[Notable New Media]
by Kenneth W. Krause.
Kenneth W. Krause is a contributing editor and “Science Watch” columnist for the Skeptical Inquirer. Formerly a contributing editor and books columnist for the Humanist, Kenneth contributes regularly to Skeptic as well. He may be contacted at email@example.com.
Most contemporary scientists, according to Harvard University experimental psychologist, Steven Pinker, have abandoned both the nineteenth-century belief in biology as destiny and the twentieth-century doctrine that the human mind begins as a “blank slate.” In his new anthology, Language, Cognition, and Human Nature: Selected Articles (Oxford 2015), Pinker first reminds us of the now-defunct blank slate’s political and moral appeal: “If nothing in the mind is innate,” he chides, “then differences among races, sexes, and classes can never be innate, making the blank slate the ultimate safeguard against racism, sexism, and class prejudice.”
Even so, certain angry ideologues, for example, continue to wallow in blank slate dogma. Gender differences in STEM professions, for example, are often attributed entirely to prejudice and hidden barriers. The mere possibility that women, on average, are less interested than men in people-free pursuits remains oddly “unspeakable,” says Pinker (but see a recent exception here). The point, he clarifies, is not that we know for certain that evolution and genetics are relevant to explaining so-called “underrepresentation” in high-end science and math, but that “the mere possibility is often treated as an unmentionable taboo, rather than as a testable hypothesis.”
A similar exception to the general rule centers around parenting and the behavior of children. It may be true that parents who spank raise more violent children, and that more conversant parents produce children with better language skills. But why does “virtually everyone” conclude from such facts that the parent’s behavior causes that of the child? “The possibility that the correlations may rise from shared genes is usually not even mentioned, let alone tested,” says Pinker.

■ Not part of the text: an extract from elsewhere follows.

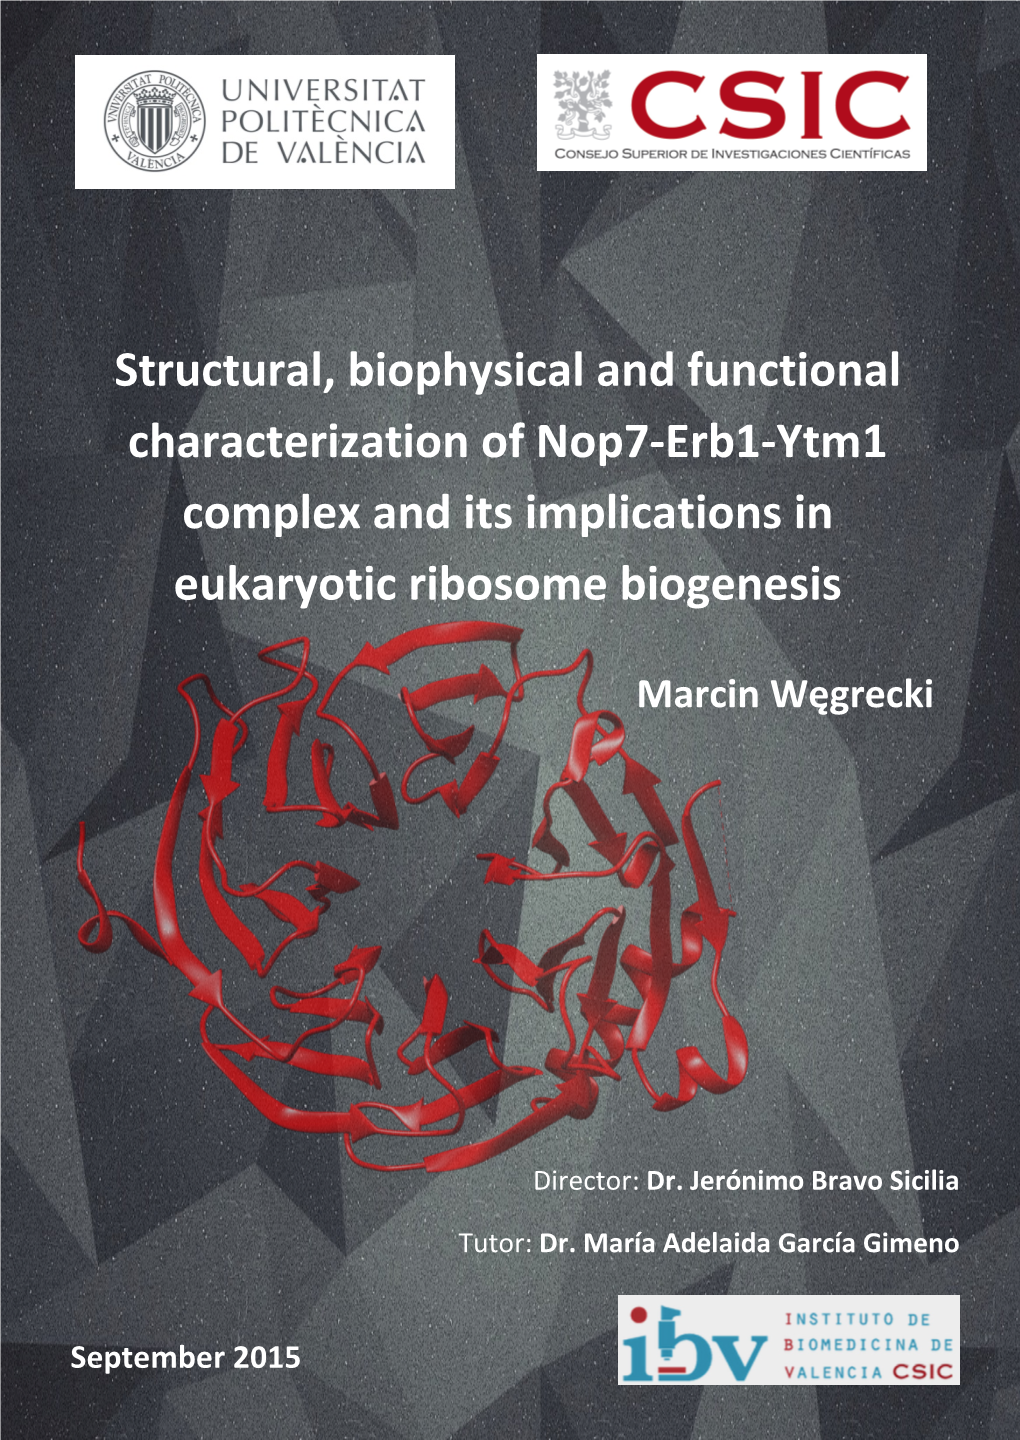 Structural, Biophysical and Functional Characterization of Nop7-Erb1-Ytm1 Complex and Its Implications in Eukaryotic Ribosome Biogenesis
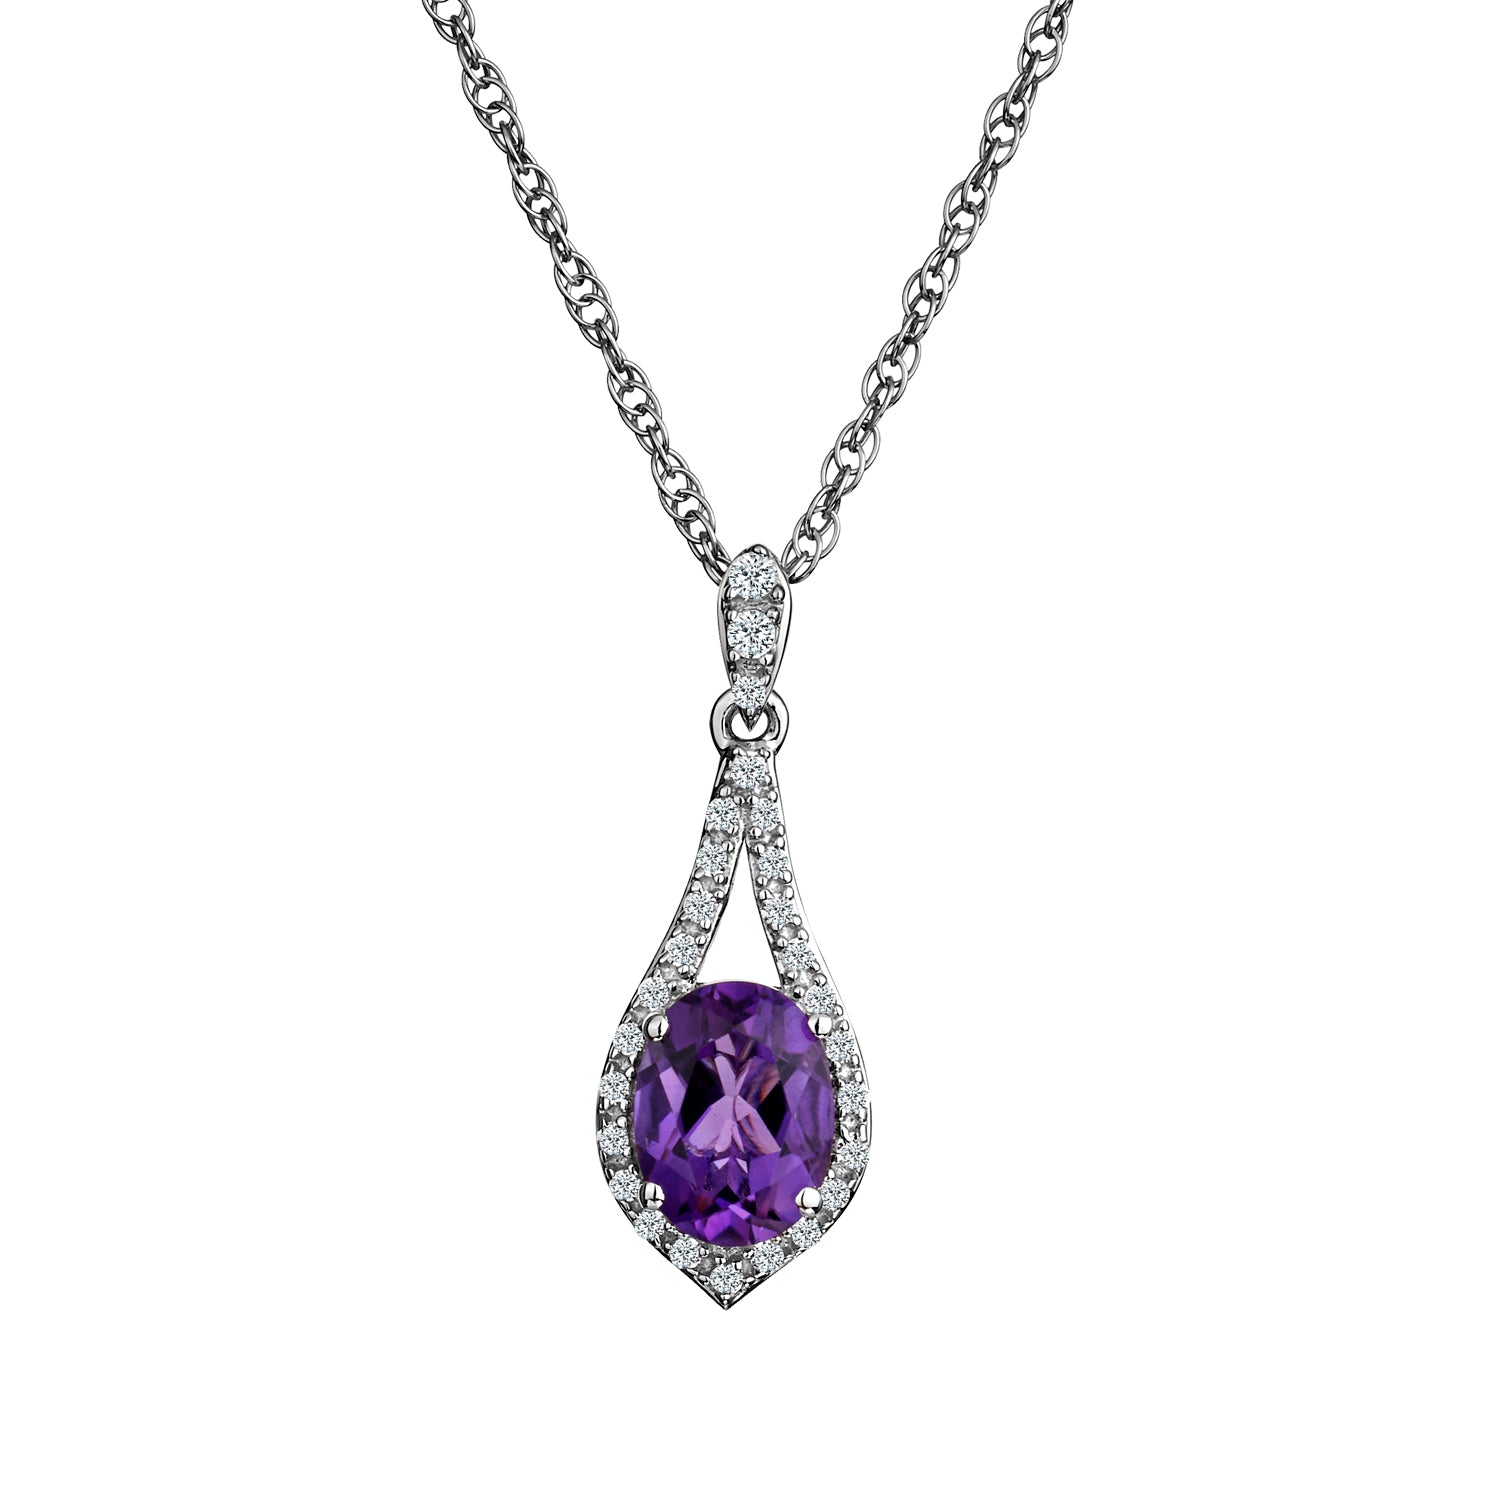 Amethyst and Created White Sapphire Pendant,  Sterling Silver. Necklaces and Pendants. Griffin Jewellery Designs.

Equally untenable for the author is the now-popular academic doctrine he dubs “holistic interactionism” (HI). Carrying a “veneer of moderation [and] conceptual sophistication,” says Pinker, HI is based on a few “unexceptional points,” including the facts that nature and nurture are not mutually exclusive and that genes cannot cause behavior directly. But we should confront this doctrine with heightened scrutiny, according to Pinker, because “no matter how complex the interaction is, it can be understood only by identifying the components and how they interact.” HI “can stand in the way of such an understanding,” he warns, “by dismissing any attempt to disentangle heredity and environment as uncouth.”
HI mistakenly assumes, for example, that hereditary cannot constrain behavior because genes depend critically on the environment. “To begin with,” says Pinker, “it is simply not true that any gene can have any effect in some environment, with the implication that we can always design an environment to produce whatever outcome we value.” And even if some extreme “gene-reversing” environment can be imagined, it simply doesn’t follow that “the ordinary range of environments will [even] modulate that trait, [or that] the environment can explain the nature of the trait.” The mere existence of environmental mitigations, in other words, does not render the effects of genes inconsequential. To the contrary, Pinker insists, “genes specify what kinds of environmental manipulations will have what kinds of effects and with what costs.”
Although the postmodernists and social constructionists who tend to dominate humanities departments in American Universities especially, continue to tout HI as a supposedly nuanced means of comprehending the nature-nurture debate, it is in truth little more than a pseudo-intellectual “dodge,” Pinker concludes: a convenient means to “evade fundamental scientific problems because of their moral, emotional, and political baggage.”
Among intellectually honest, truly curious, and consistently rational thinkers (a diminutive demographic indeed), Pinker’s reputation is and has long stood as something perhaps just short of heroic, in no small part due to his defense of politically incorrect but nonetheless scientifically viable hypotheses. What a shame it is that only academics of similar status (and tenure) can safely rise and demand the freedom required to mount such defenses. And what a tragedy that so few in such privileged company actually do.